▸ Data shown:
----
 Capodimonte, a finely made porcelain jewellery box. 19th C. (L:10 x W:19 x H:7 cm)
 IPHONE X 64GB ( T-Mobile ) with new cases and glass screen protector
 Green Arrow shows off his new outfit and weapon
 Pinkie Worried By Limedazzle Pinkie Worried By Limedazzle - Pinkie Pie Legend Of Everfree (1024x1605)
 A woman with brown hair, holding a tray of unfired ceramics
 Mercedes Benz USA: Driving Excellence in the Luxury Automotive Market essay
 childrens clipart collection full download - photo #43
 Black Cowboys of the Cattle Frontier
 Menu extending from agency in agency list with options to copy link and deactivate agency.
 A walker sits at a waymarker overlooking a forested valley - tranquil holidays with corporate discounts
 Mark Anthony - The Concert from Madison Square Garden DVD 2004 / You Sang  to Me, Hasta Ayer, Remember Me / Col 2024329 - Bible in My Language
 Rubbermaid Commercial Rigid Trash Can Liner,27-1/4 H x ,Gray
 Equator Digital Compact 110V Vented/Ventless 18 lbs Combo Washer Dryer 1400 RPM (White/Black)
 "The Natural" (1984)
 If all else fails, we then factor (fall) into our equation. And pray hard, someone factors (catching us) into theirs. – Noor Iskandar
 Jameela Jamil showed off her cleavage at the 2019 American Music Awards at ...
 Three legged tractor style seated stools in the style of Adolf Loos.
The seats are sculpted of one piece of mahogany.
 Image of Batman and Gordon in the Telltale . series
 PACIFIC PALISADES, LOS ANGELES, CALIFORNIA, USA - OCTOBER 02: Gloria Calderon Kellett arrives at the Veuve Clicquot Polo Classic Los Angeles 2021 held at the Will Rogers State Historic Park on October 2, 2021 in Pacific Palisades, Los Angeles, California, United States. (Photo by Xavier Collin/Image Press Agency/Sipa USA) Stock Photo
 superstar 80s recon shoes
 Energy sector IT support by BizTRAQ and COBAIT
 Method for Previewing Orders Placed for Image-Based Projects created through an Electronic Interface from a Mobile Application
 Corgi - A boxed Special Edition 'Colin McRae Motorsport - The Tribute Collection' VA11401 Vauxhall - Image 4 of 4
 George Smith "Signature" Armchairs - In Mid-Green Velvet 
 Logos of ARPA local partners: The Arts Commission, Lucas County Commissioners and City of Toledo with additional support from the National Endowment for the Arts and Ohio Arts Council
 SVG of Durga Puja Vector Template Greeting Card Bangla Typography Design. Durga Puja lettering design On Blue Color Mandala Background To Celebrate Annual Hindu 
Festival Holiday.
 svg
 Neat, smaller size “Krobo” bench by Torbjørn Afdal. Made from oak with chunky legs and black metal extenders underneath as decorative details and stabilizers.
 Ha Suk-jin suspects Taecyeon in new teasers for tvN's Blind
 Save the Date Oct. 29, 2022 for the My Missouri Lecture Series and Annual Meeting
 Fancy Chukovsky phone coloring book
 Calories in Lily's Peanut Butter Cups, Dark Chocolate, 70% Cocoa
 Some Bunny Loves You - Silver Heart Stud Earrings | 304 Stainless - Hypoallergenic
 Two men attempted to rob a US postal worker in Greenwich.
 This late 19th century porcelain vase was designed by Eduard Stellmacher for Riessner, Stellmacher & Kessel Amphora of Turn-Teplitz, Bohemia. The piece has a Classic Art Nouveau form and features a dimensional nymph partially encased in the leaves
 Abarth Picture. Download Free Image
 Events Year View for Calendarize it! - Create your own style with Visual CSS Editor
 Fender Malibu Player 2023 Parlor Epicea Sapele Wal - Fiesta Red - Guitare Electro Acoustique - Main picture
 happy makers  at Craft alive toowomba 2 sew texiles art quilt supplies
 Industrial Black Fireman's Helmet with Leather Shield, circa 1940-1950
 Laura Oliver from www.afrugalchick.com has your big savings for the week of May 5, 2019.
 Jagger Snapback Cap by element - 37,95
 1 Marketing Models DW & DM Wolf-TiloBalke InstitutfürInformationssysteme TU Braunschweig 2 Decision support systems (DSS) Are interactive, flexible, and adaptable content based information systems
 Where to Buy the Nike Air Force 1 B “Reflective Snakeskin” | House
----
▸ Task description: Report every line in the listing that holds the word "Image".

▸ Result below:
 Image of Batman and Gordon in the Telltale . series
 PACIFIC PALISADES, LOS ANGELES, CALIFORNIA, USA - OCTOBER 02: Gloria Calderon Kellett arrives at the Veuve Clicquot Polo Classic Los Angeles 2021 held at the Will Rogers State Historic Park on October 2, 2021 in Pacific Palisades, Los Angeles, California, United States. (Photo by Xavier Collin/Image Press Agency/Sipa USA) Stock Photo
 Method for Previewing Orders Placed for Image-Based Projects created through an Electronic Interface from a Mobile Application
 Corgi - A boxed Special Edition 'Colin McRae Motorsport - The Tribute Collection' VA11401 Vauxhall - Image 4 of 4
 Abarth Picture. Download Free Image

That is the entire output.